Ball will report directly to Chief Strategy Officer Jason Kwon. The “small, high-agency team” will focus on “matters pertaining to: catastrophic risk, recursive self-improvement, labor market impact, and the relationship between the frontier labs, governments (particularly the U.S. Federal Government), and society,” Ball wrote in a blog post. The Strategic Futures team will address both public-facing policy and internal governance, he added. This last point is crucial—Ball noted that “almost by necessity,” AI labs will have to lead on AI governance decisions. “In other words, internal governance will be more central to the future of AI than most people realize,” Ball wrote.
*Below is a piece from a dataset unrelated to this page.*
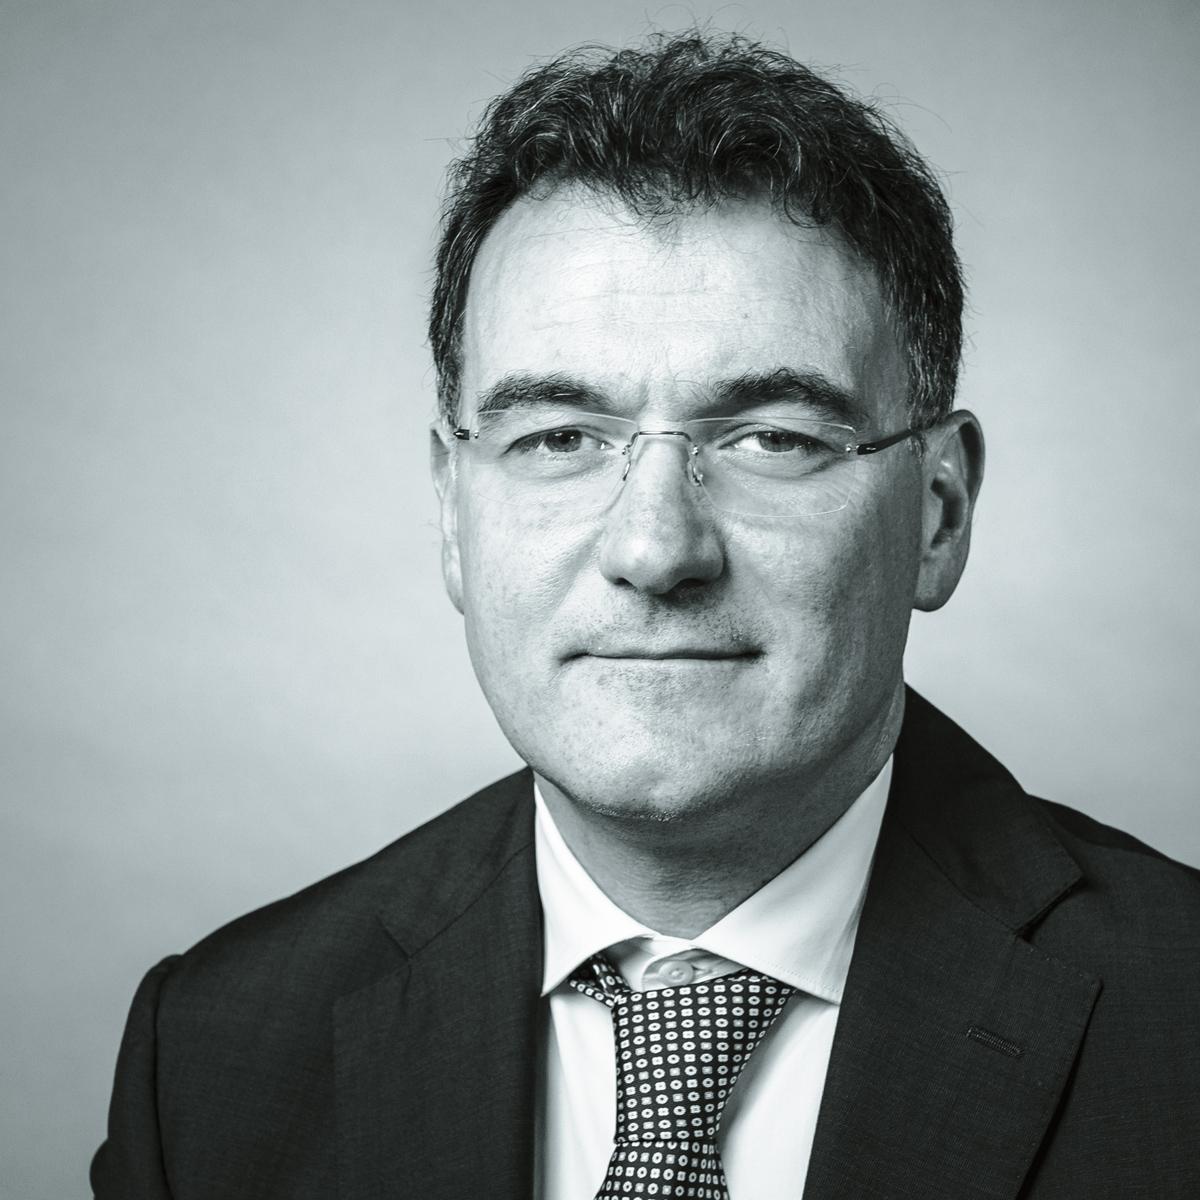 Marco Loreti

Ball’s decision to join OpenAI—arguably a favorite in the current administration—comes as Anthropic faces renewed conflict with the U.S. government. Late last week, President Donald Trump ordered an export control ban on Anthropic’s latest models, Fable 5 and Mythos 5, forcing the firm to take the models down entirely to avoid noncompliance. For anyone who had “government interference” on their S-1 risk factor bingo card, Ball’s hire illustrates what it looks like when a company secures insider status while a rival faces pressure.